1. There was no difference in long term mortality amongst patients who underwent either fractional flow reserve (FFR)-guided percutaneous coronary intervention (PCI) or intravascular ultrasonography (IVUS)-guided PCI compared to angiography-guided PCI amongst patients undergoing elective or urgent PCI in the London, UK area.
2. Fewer total stents were implanted in those patients who underwent FFR-PCI compared to IVUS-PCI and angiography-PCI.
Evidence Rating Level: 2 (Good)
Study Rundown: Myocardial revascularization, particularly through catheters, is one of the most common procedures performed. Improvements in technology have allowed physicians to visualize the vessels via IVUS and measure pressures around stenotic lesions by measuring FFR both of which presumably aid in optimal stent deployment. This study, which followed a cohort of patients in the London, UK area who underwent elective or urgent PCI, did not find any difference in long term mortality amongst patients who underwent either FFR-PCI or IVUS-PCI compared to routine angiography-PCI. However, those patients who underwent FFR-PCI did have fewer total stent implantations compared to those who underwent IVUS-PCI and angiography-PCI. There were no other major differences in outcomes between the three groups of patients.

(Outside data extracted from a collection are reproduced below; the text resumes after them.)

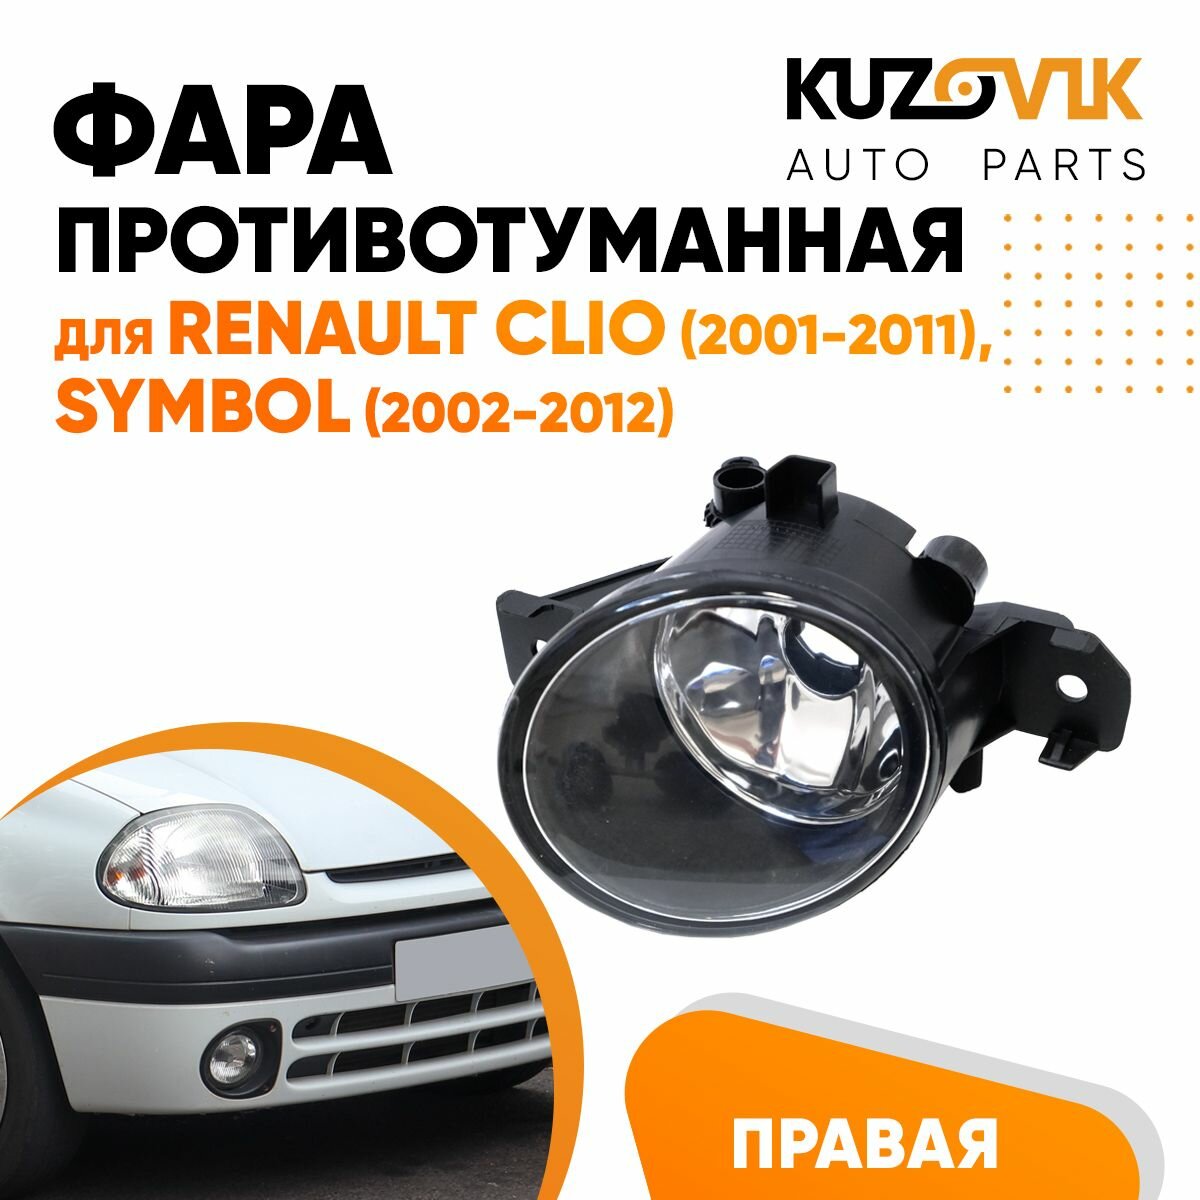 Противотуманная фара для Рено Клио Renault Clio (2001-2011), Симбол Symbol (2002-2012), правая, птф, туманка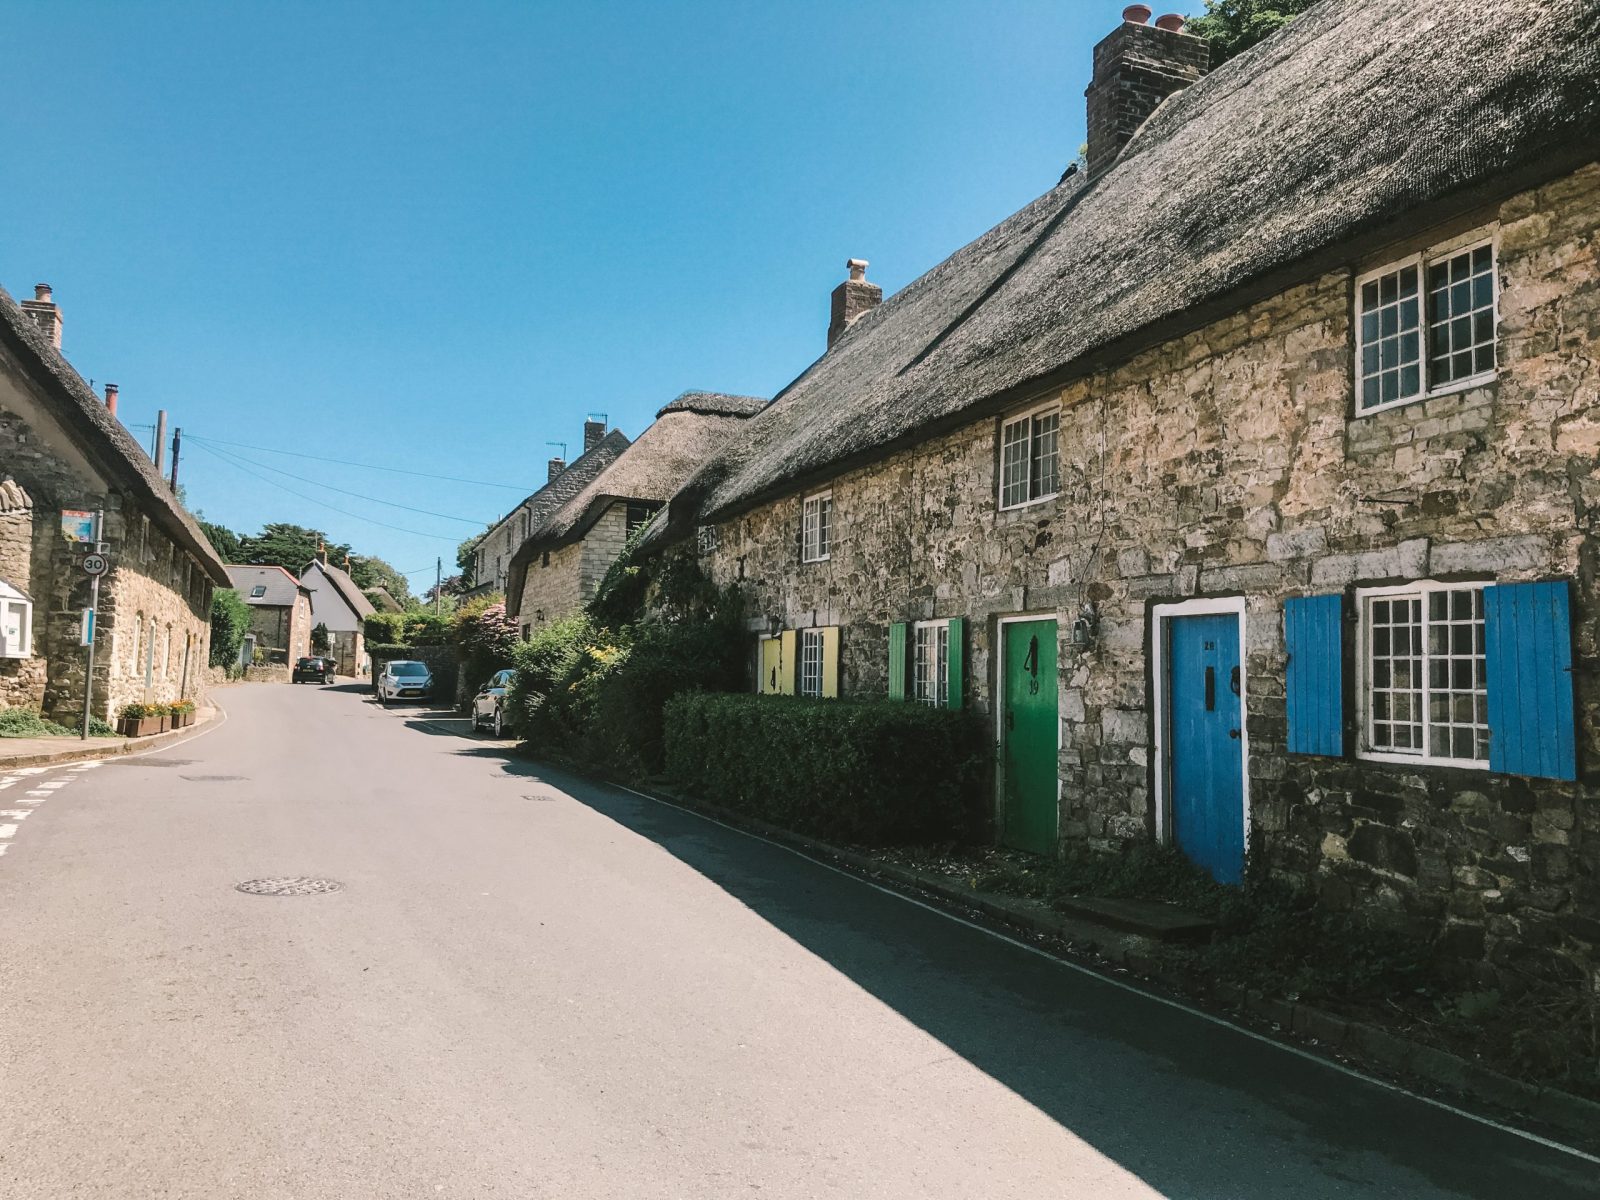 Best villages in Dorset 10 Prettiest locations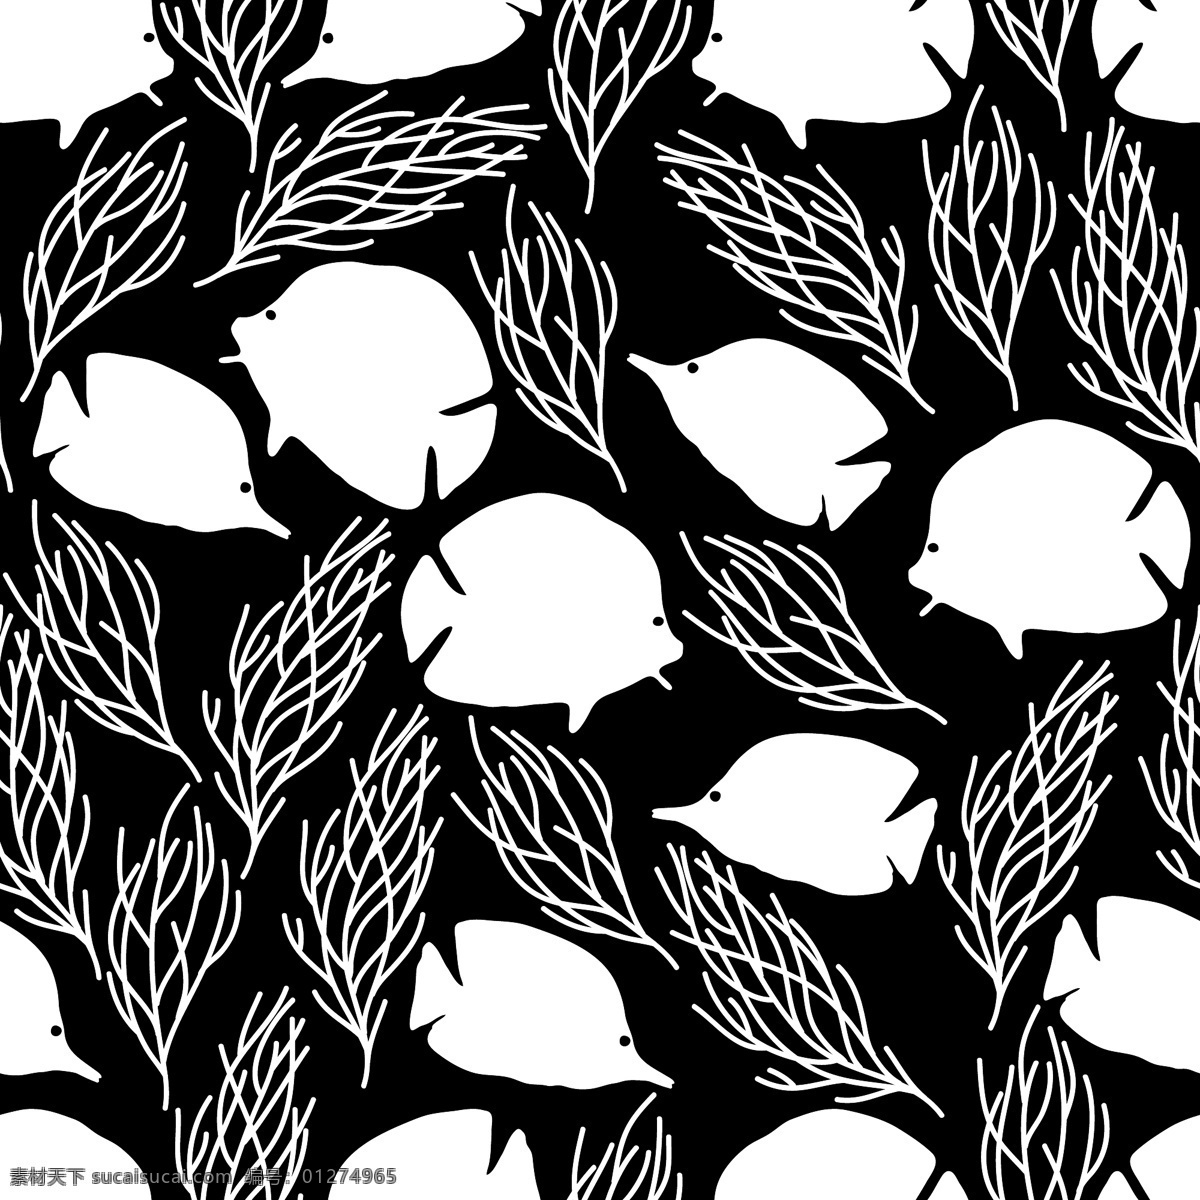 海底 小鱼 水彩 diy 纹理 图案 简约 黑色 条纹 卡通 花纹 海草 矢量 设计素材 平面素材

The major strength of the study was the size of the study population. Although the study did take place in the England, the results should be applicable to the American population as well. Since the groups using FFR-PCI and IVUS-PCI were small compared to the angiography-PCI, it is possible the lack of observed survival benefit may be related to sample size. Also, the mean follow up period of 3.3 years may not have been long enough to identify a survival benefit. Much of the decision making in terms of anticoagulation and the manner in which the different procedures were performed were left to the discretion of the individual providers, which may have interfered with the results.
In-Depth [prospective cohort]: The study population was derived from the Pan-London database from January 1, 2004 to July 31, 2011. Of the 41,688 patients who underwent elective or urgent PCI, 2,767 (6.6%) patients underwent FFR-guided PCI, 1,831 (4.4%) underwent IVUS-guided PCI, and 37,090 (89%) underwent angiography-guided PCI. The patients were followed for a median of 3.3 yrs.
The adjusted mortality did not differ between FFR-guided PCI and angiography-guided PCI (HR, 0.88; 95% CI, 0.67-1.16; P=0.37). There was a higher adjusted mortality risk for IVUS-guided PCI compared to angiography-guided PCI (HR, 1.39; 95% CI, 1.09-1.78; P=0.009). The mean number of implanted stents was lower in the FFR group (1.1, SD 1.2) compared to the IVUS group (1.6, SD 1.3) and angiography group (1.7, SD 1.1). The complications amongst the three groups were low and did not differ significantly.